Fuente: Biblical and Theological Dictionary
Harvest
Jer 8:20 (b) This is a description of the end time when the Lord will judge the earth and gather into Heaven believers who are profitable to Him (the grain), but will shut out of Heaven the weeds and the tares which have no value to Him. We see this on the farm constantly. That which is useful to the farmer he gathers into his barns. The vines and the stubble remain in the field to rot.
Jer 51:33 (a) This is a picture of the judgment of this great city when GOD would cut her down and destroy her because of her iniquity.
Mat 9:37 (a) This is a type of the great number of people who are interested in their souls’ welfare, are hungry for deliverance, and are waiting for someone to lead them to CHRIST JESUS, the Saviour.

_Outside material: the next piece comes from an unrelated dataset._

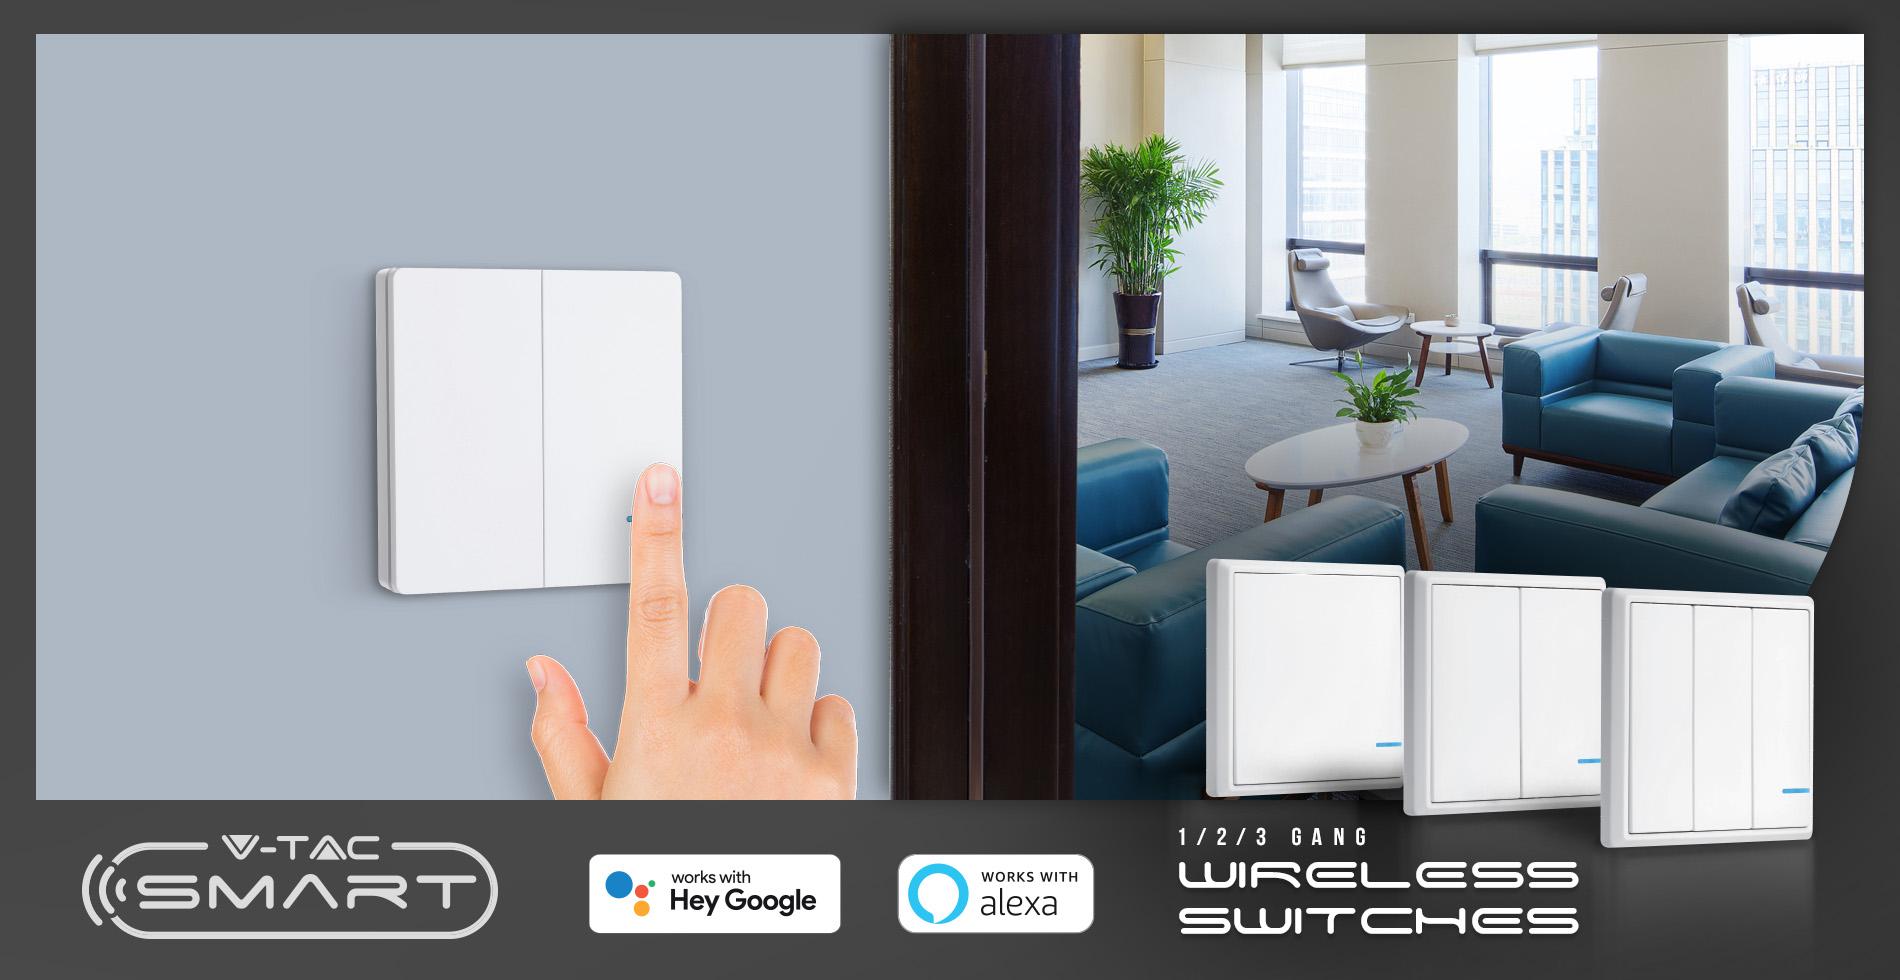 Wireless Switches
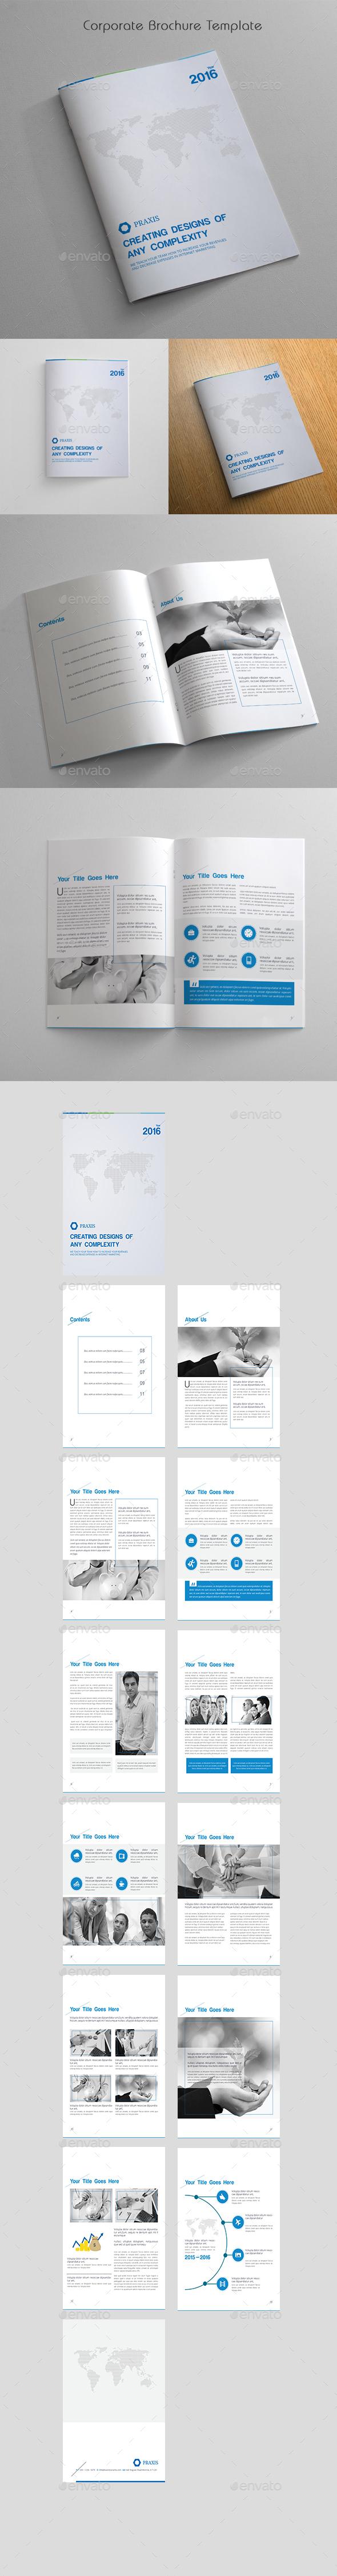 Corporate Brochure Template - Corporate Brochures

Mat 13:39 (a) By this figure the Lord is telling us of the judgment at the end of this age when the Lord will separate His people from the ungodly, will reward the Christian, but will punish the sinner.
Rev 14:15 (a) This is a picture of the Great Tribulation when the end comes and GOD comes forth in mighty judgment and terrible wrath to punish the wicked and the rebellious people of earth.